Some wise words from the wild plant conservation charity ‘Plantlife’….

“There is a prevalent sense that picking flowers is a bad thing.  Many of us are unsure what’s OK and what’s not and so err on the safe side.  Plantlife’s new code of conduct shows us that wild flowers don’t have to be out of bounds – and out of our lives.  We are very used to picking some species (daisies, dandelions and wild garlic) but there are other wild flowers that are commonplace and even increasing in number.

Rachel de Thame is keen to add, ‘What we know and love we are more likely to conserve. It’s about children starting a relationship with wild flowers. It’s in a child’s instinct to collect, but today that means collecting stickers, toys or those must-have gadgets. Yet it wasn’t so long ago that children were just as keen to collect wild flowers, whether it was to take a posy home, press them, or make petal perfume, they were part of children’s everyday life. We need to ensure that this next generation is just as engaged and passionate so they will understand why wild flowers need to be cherished and protected for not only the beauty they bring to our lives but for their vital role as life support to all our wildlife.’”  Hear hear!

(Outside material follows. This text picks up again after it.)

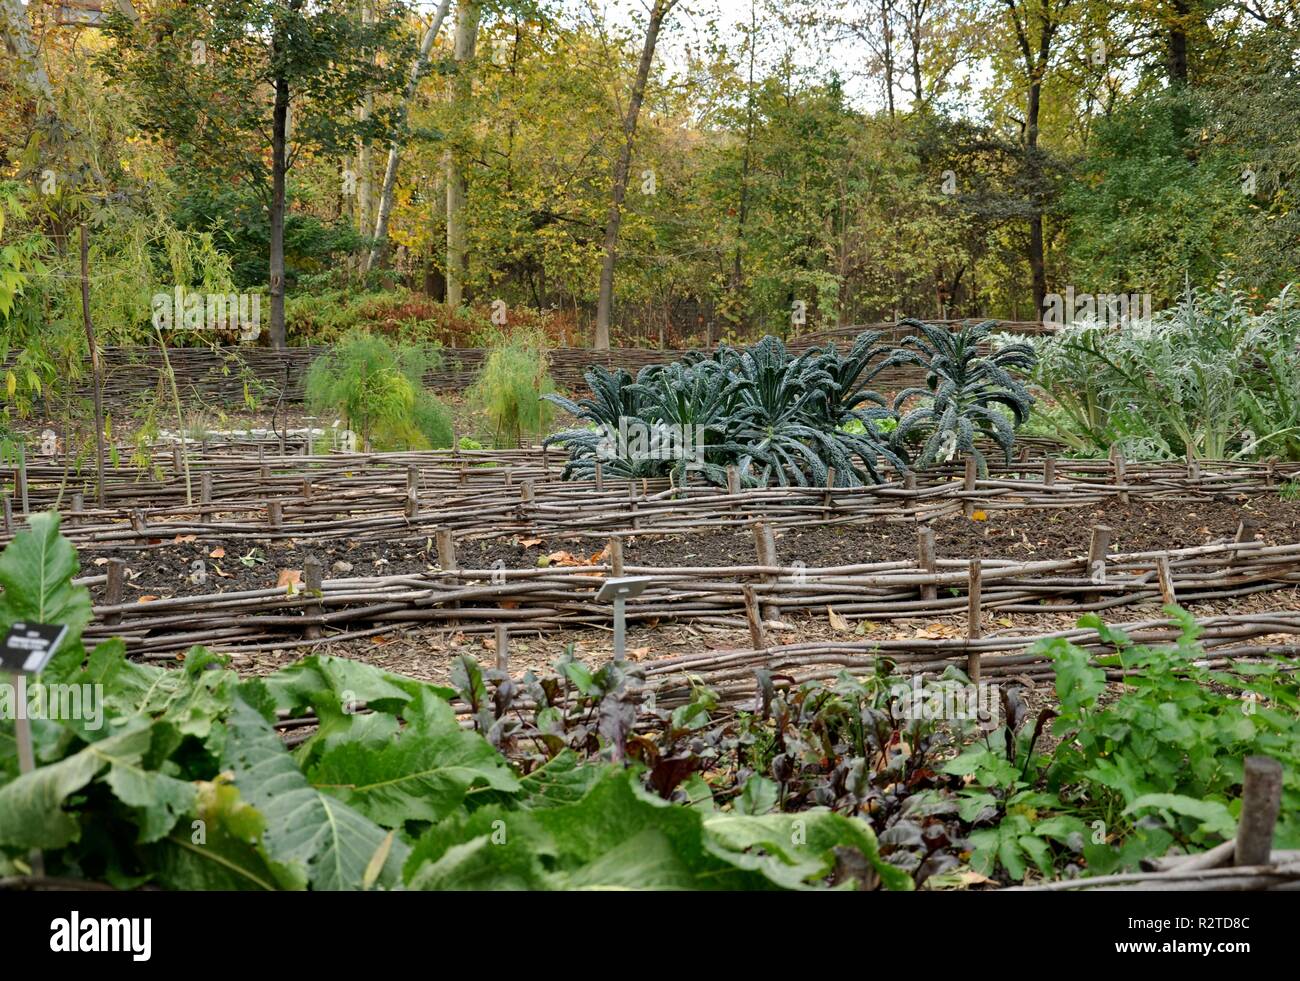 Landscape of an vegetable garden Stock Photo

Plantlife’s “Code of Conduct” for picking wildflowers

“Eight things to remember when picking any of twelve wildflowers marked with the “Twelve to Pick” icon” (on 3 beautiful identification charts downloadable here) which are Dandelion, Daisy, Yarrow, Ox-eye Daisy, Cow Parsley, Buttercups, Meadowsweet, Common Knapweed, Common Dog Violet, Greater Stitchwort, Primrose, Red Campion. See also Mark Avery’s blog with photos of the 12 pickables here

  1. Make sure you’re not trespassing on any private land.
  2. Never pick flowers from nature reserves or any other protected sites (such as Sites of Special Scientific Interest) without prior permission from the landowner.
  3. Only pick from large patches of abundant flowers, leaving plenty of flowers for others to enjoy, to set seed, and to provide other wildlife with pollen, nectar, seed or shelter.
  4. Follow the one-in-twenty rule, picking one flower out of every twenty you find. You should never diminish the display.
  5. Only pick a small handful of flowers for personal use, you must never pick for commercial gain.
  6. Don’t trample other flowers or vegetation.
  7. Never uproot any plant unless you have the landowner’s permission, and be aware that some plants (listed on Schedule 8 of the Wildlife and Countryside Act) cannot be picked without a licence
  8. If in doubt, don’t pick. If you don’t know the identity of a plant, leave it where it is. Take a photograph instead and try and identify it at home first.

Plantlife is running the Great British Wildflower Hunt which, with its helpful ID tips, can give anyone the confidence to identify flowers. It will also provide Plantlife with much needed information about how well they are doing (also on first of the two links above).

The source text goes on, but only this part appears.